_Data segment_:
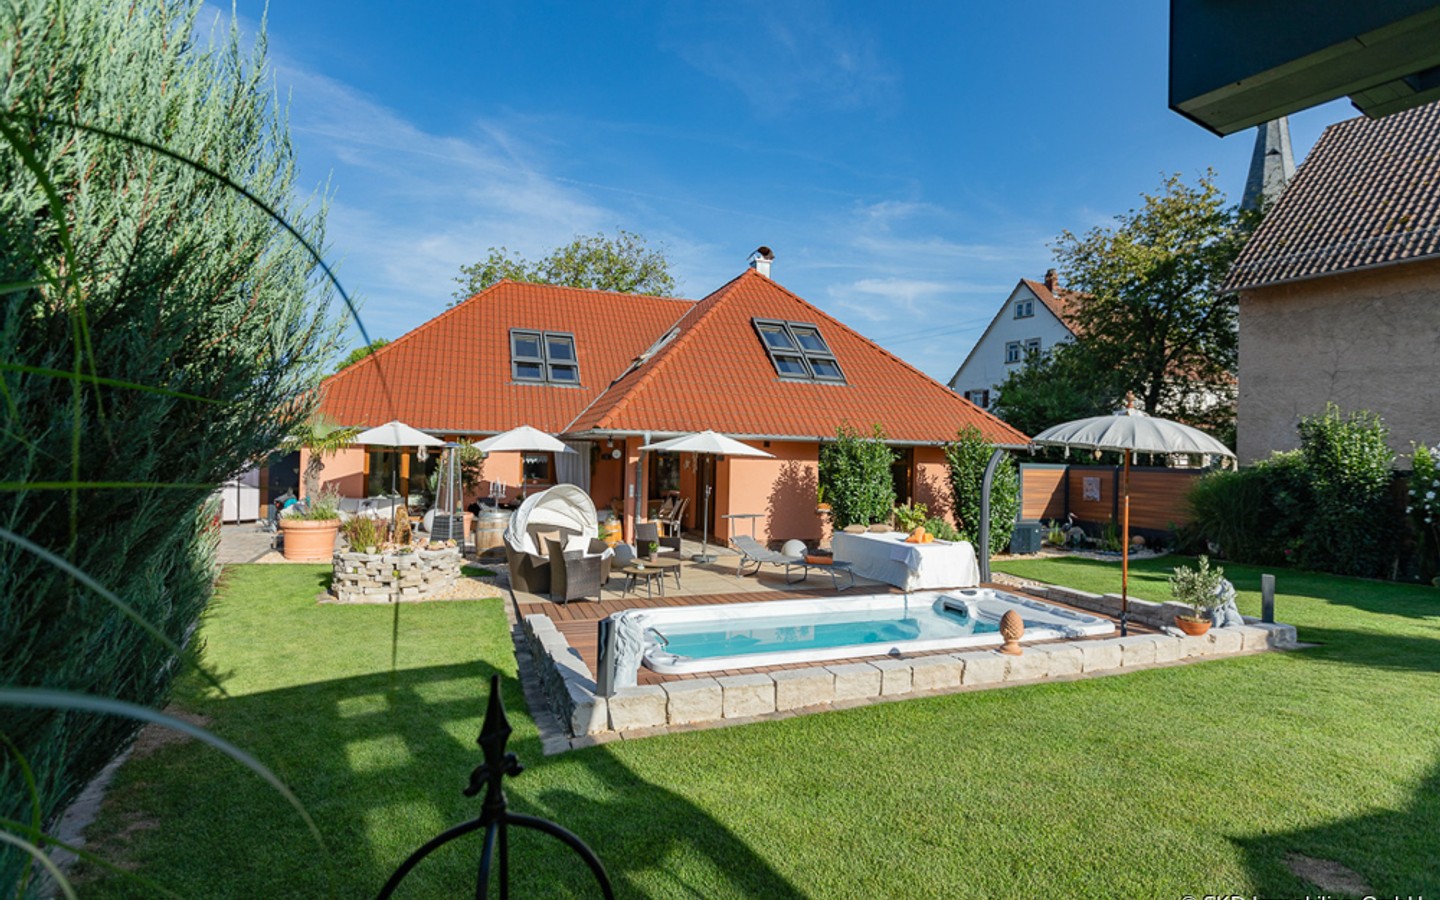 Wie im Urlaub: Hausrückansicht mit Pool - Mediterranes Wohnparadies in Aglasterhausen: Ein- bis Zweifamilienhaus mit Pool und Gartenparadies
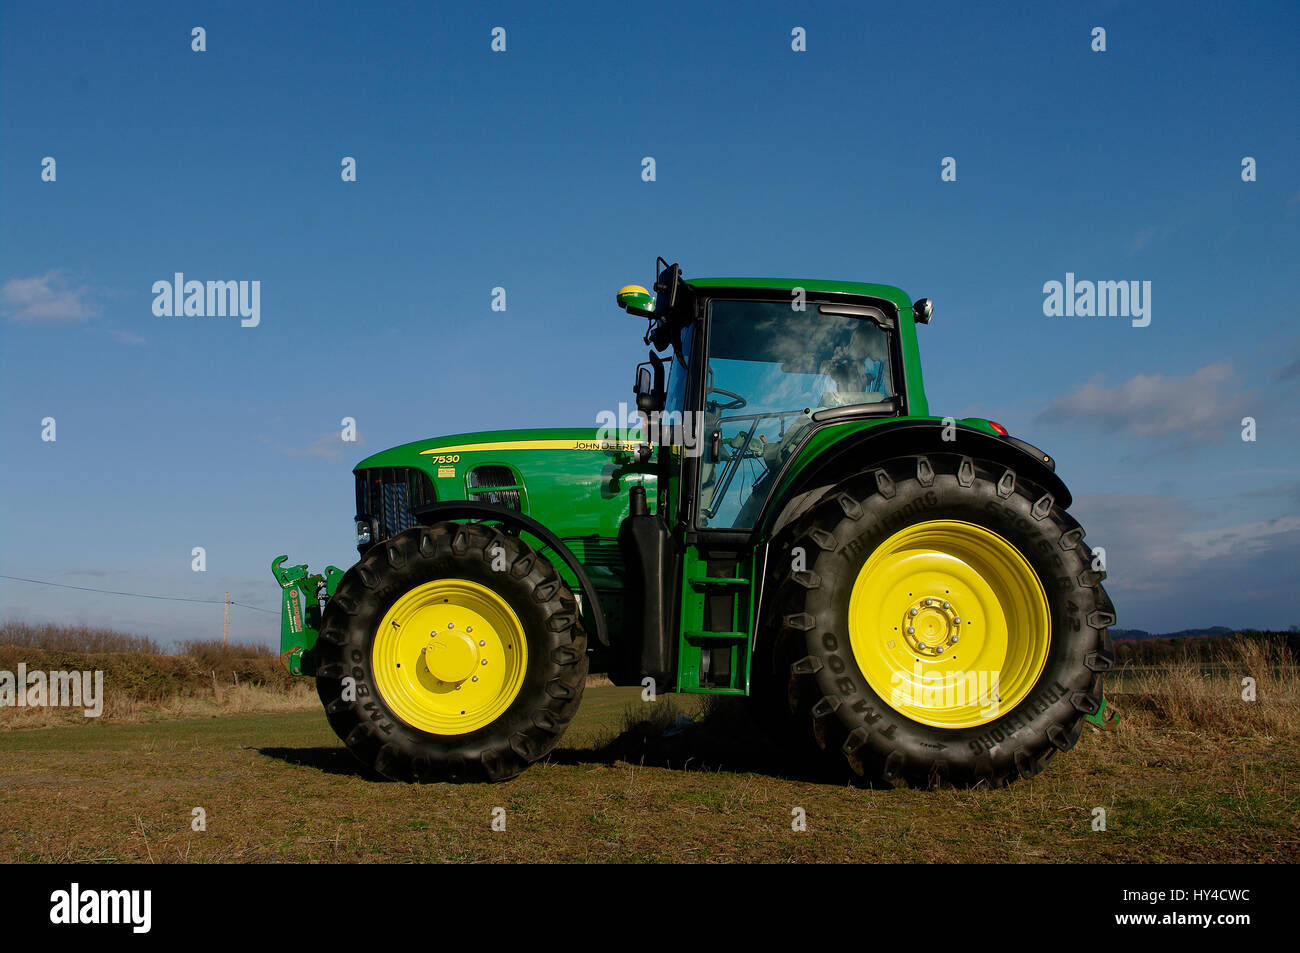 Front tractor weight immagini e fotografie stock ad alta risoluzione - Alamy
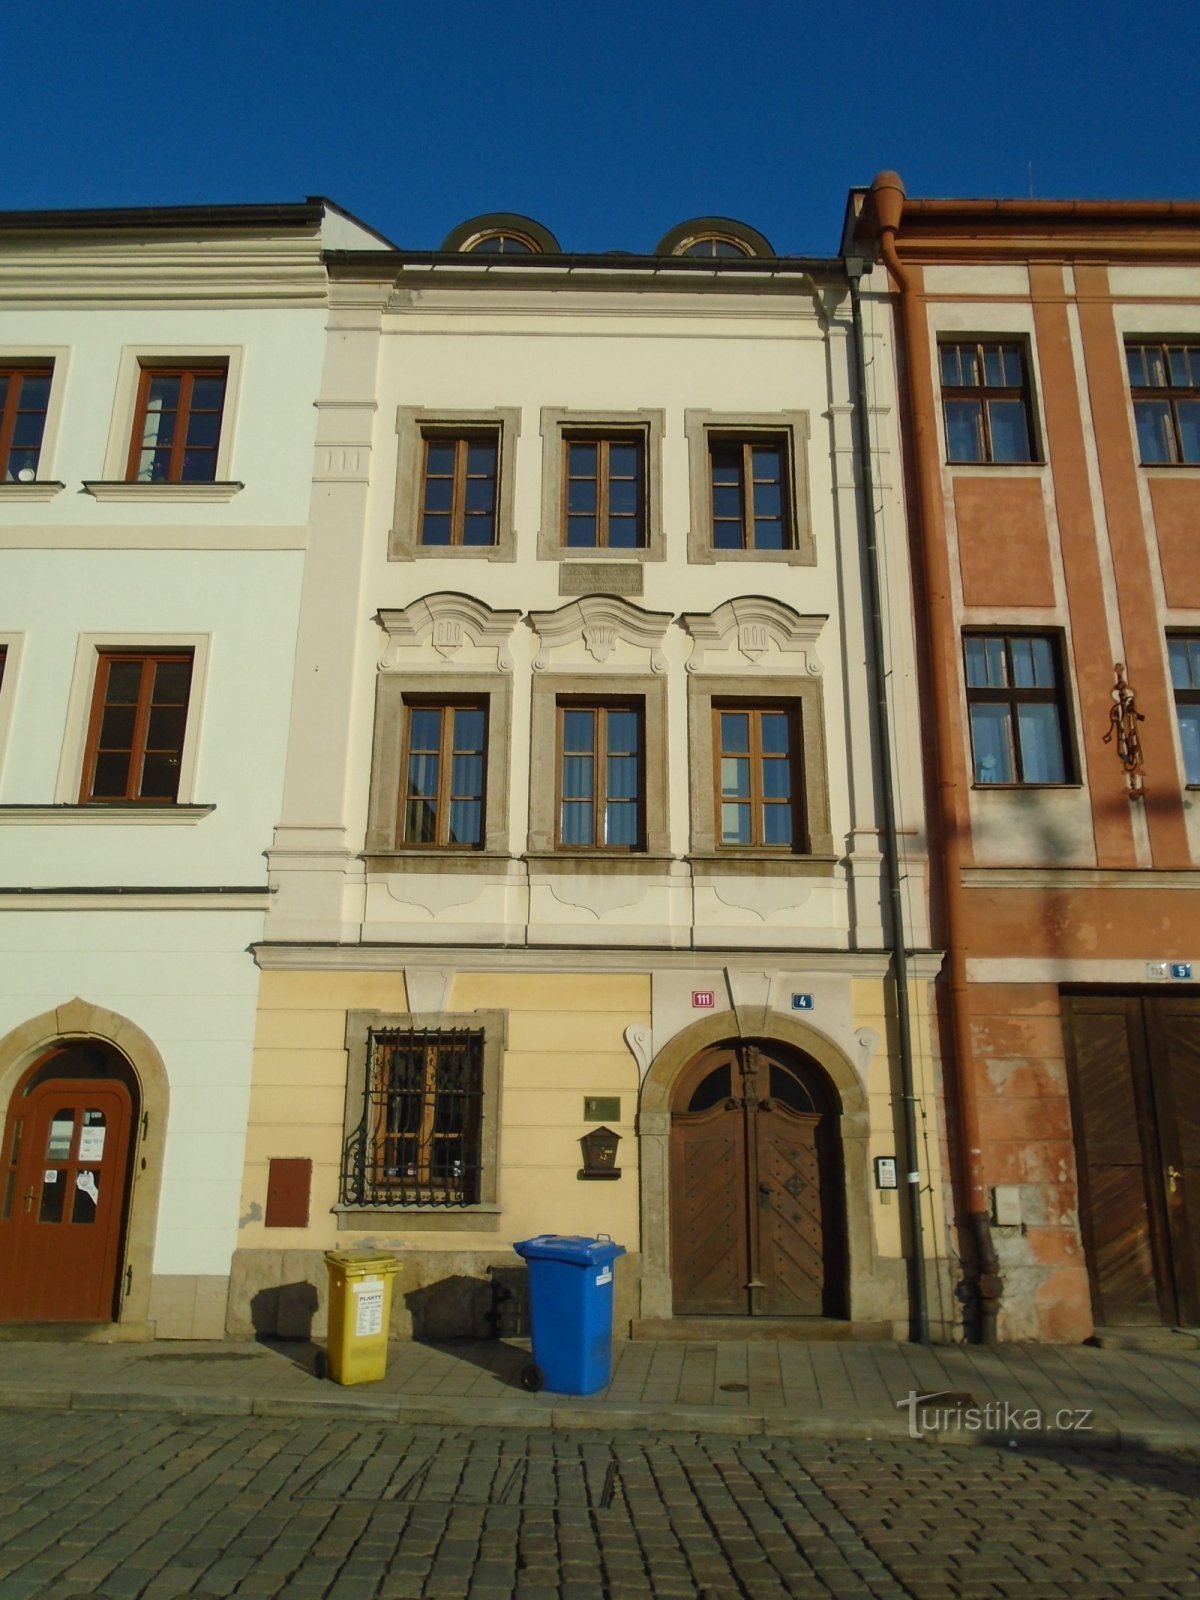 Malé náměstí nr 111 (Hradec Králové, 30.1.2019 april XNUMX)

_Task prompt_:
In the copy, keep every line of the data above exactly and drop each picture.

_Output for this exercise_:
 Wie im Urlaub: Hausrückansicht mit Pool - Mediterranes Wohnparadies in Aglasterhausen: Ein- bis Zweifamilienhaus mit Pool und Gartenparadies
 Front tractor weight immagini e fotografie stock ad alta risoluzione - Alamy
 Malé náměstí nr 111 (Hradec Králové, 30.1.2019 april XNUMX)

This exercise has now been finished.